A lion of Minnesota's business community, Dwight Opperman led West Publishing to become one of the most prominent publishers of legal content in the country.
He also helped launch West into the digital age as a provider of online legal research.
Opperman died Wednesday at age 89. He will be remembered for his lifelong interest in the law and his career at West Publishing helping legal research be more thorough and efficient. By his family, he will also be remembered for his bootstrapping.
His son, Vance Opperman, recalls that Dwight Opperman grew up poor.
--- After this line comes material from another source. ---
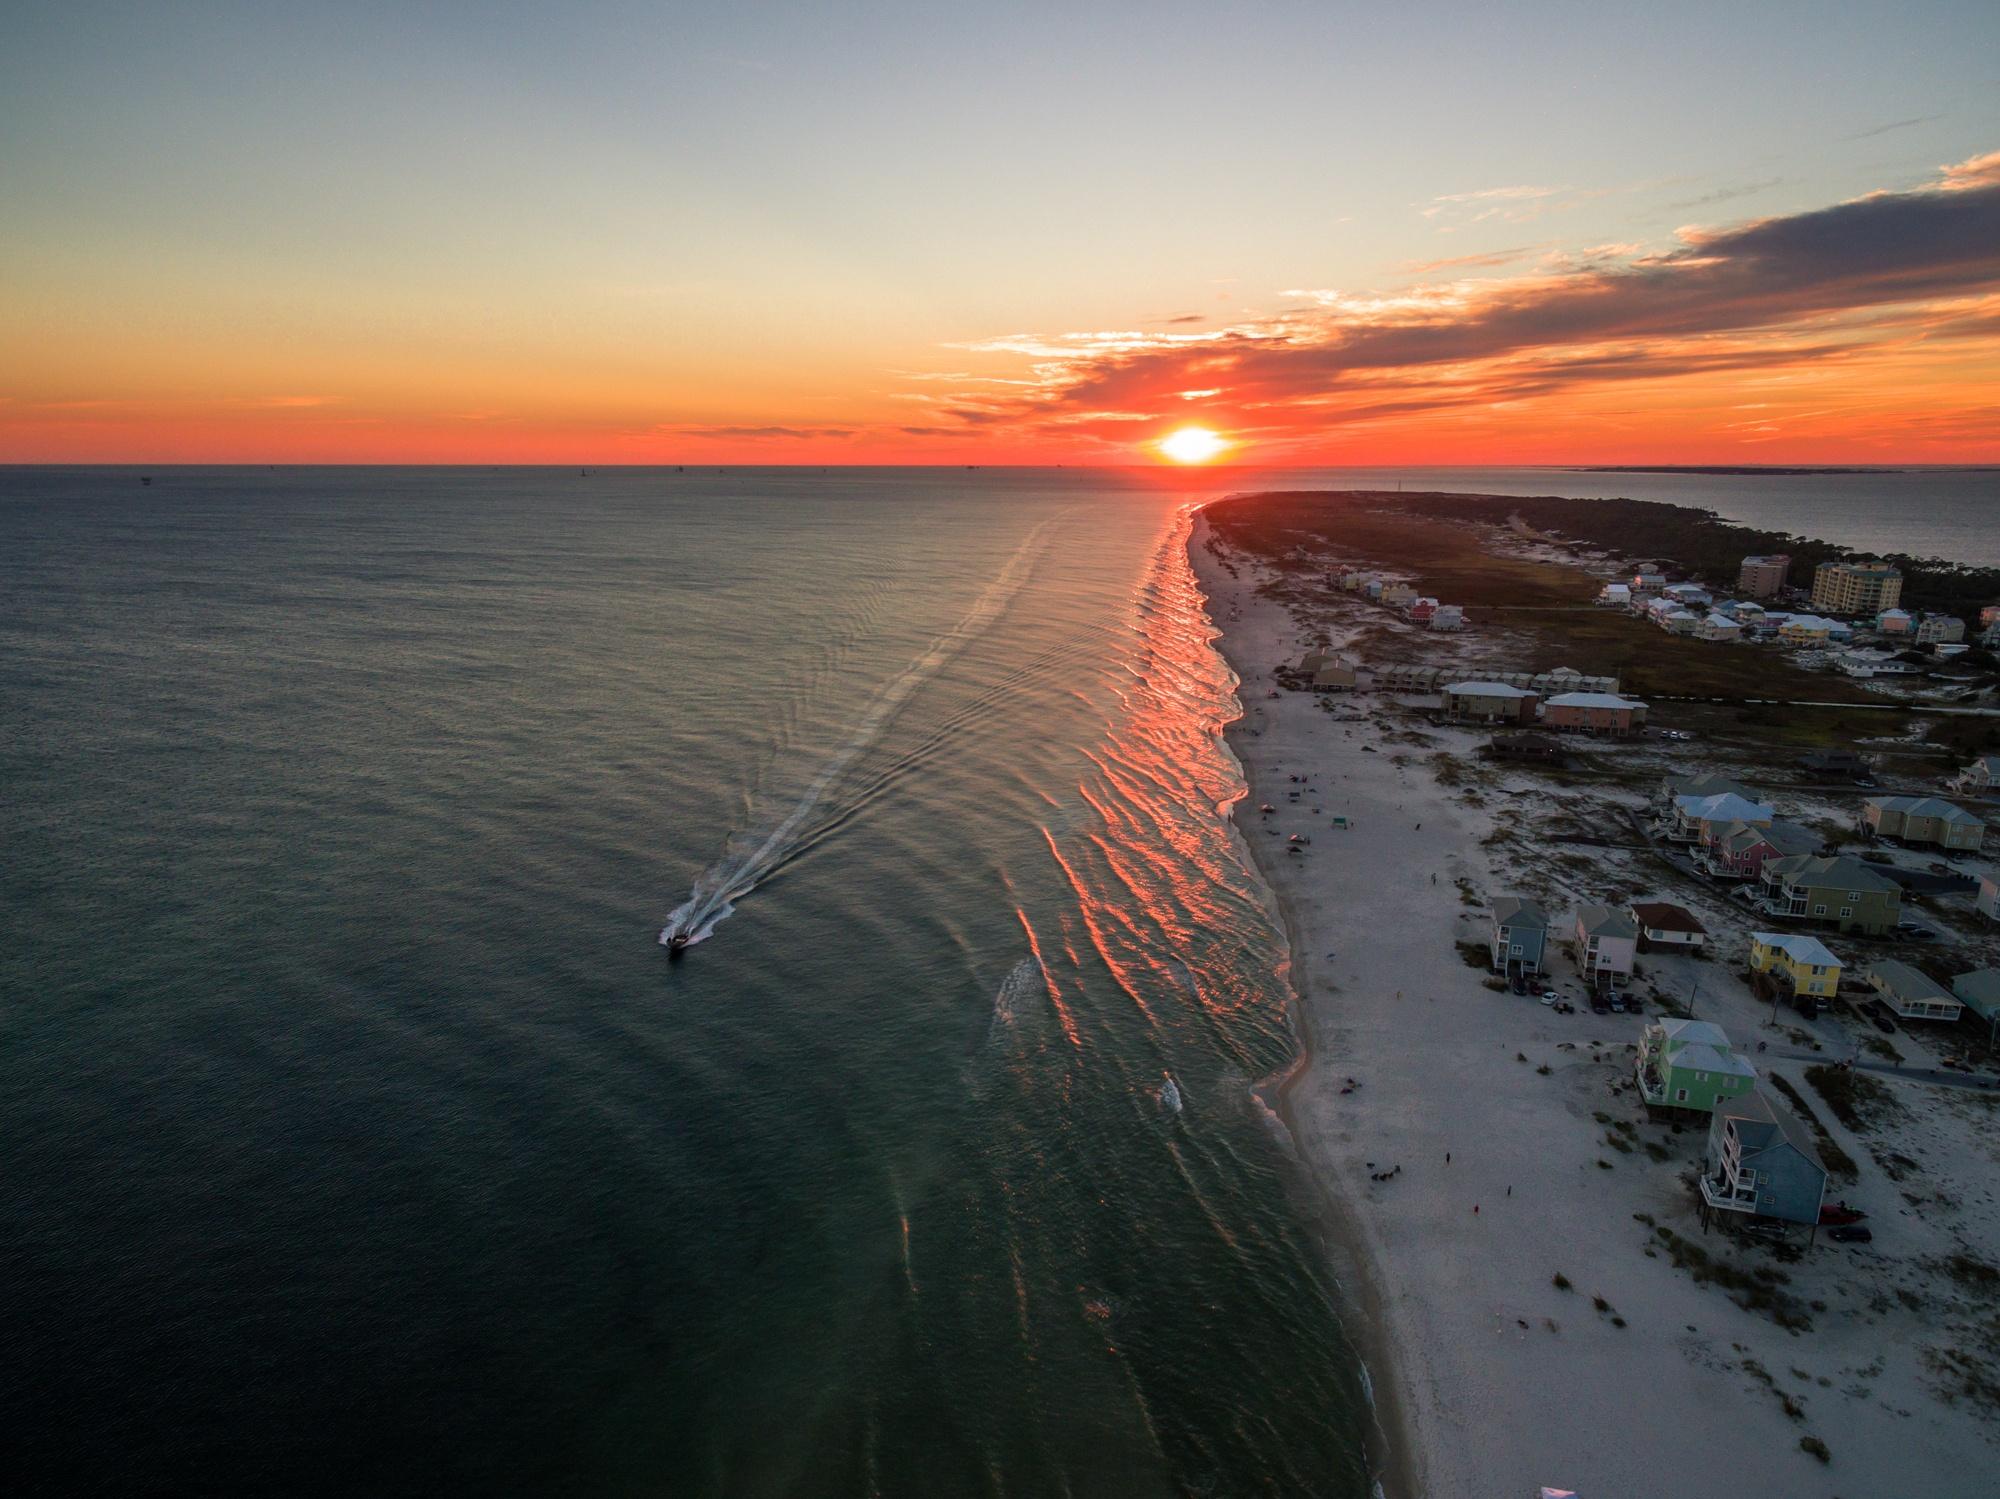 Gulf Shores, Alabama
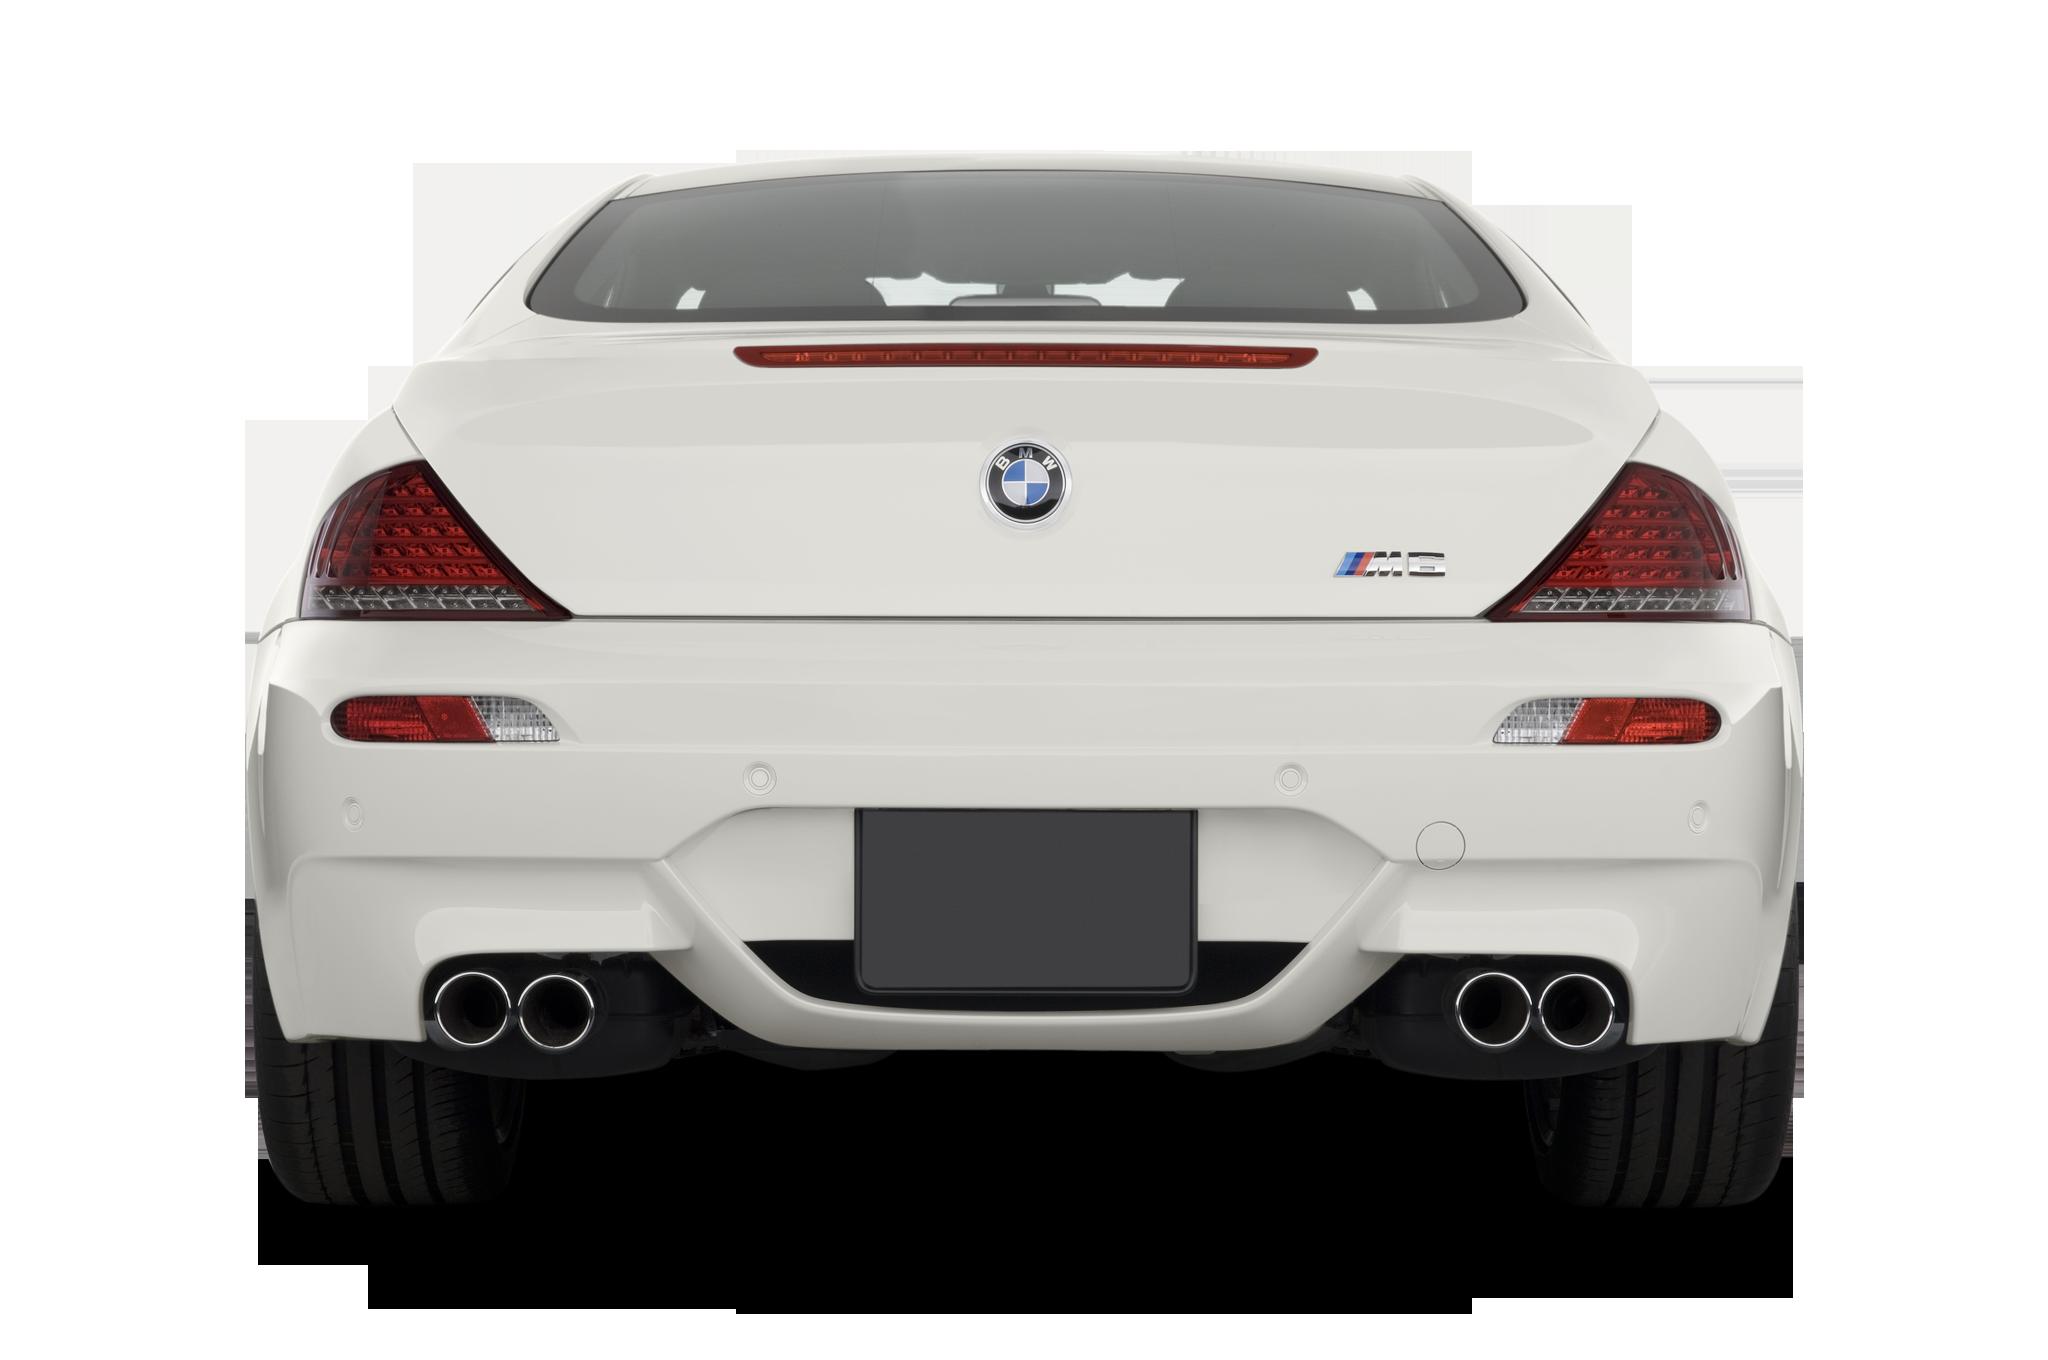 2010 m6 exhaust

Dwight and his first wife, Jeanice, now deceased, were both gifted musicians who in the early days of their marriage earned money by performing. But Vance said the family was effectively broke when Dwight graduated in 1951from law school at Drake University.
"We didn't have any money at all, and we lived in student housing which was the old Drake trailer camp, and he took the bar exam, which he passed," Vance said. "And we went out looking for a job, and we didn't have any daycare, so I went with him. I was just a little kid. And he talked to various law firms that were trying to hire people."
Vance Opperman said his father got the best job offer from West Publishing in St. Paul, where he would become an editor. The job matched his father's scholarly demeanor. Vance said.
"He's a very academic person and very drawn to the English language and the structure," he said.
A few weeks after arriving at West, Dwight Opperman made friends with John Nasseff, who had a very different background. Nasseff only finished 9th grade. Both men would rise to the firm's senior executive ranks. Nasseff said Dwight stood out for his intellect.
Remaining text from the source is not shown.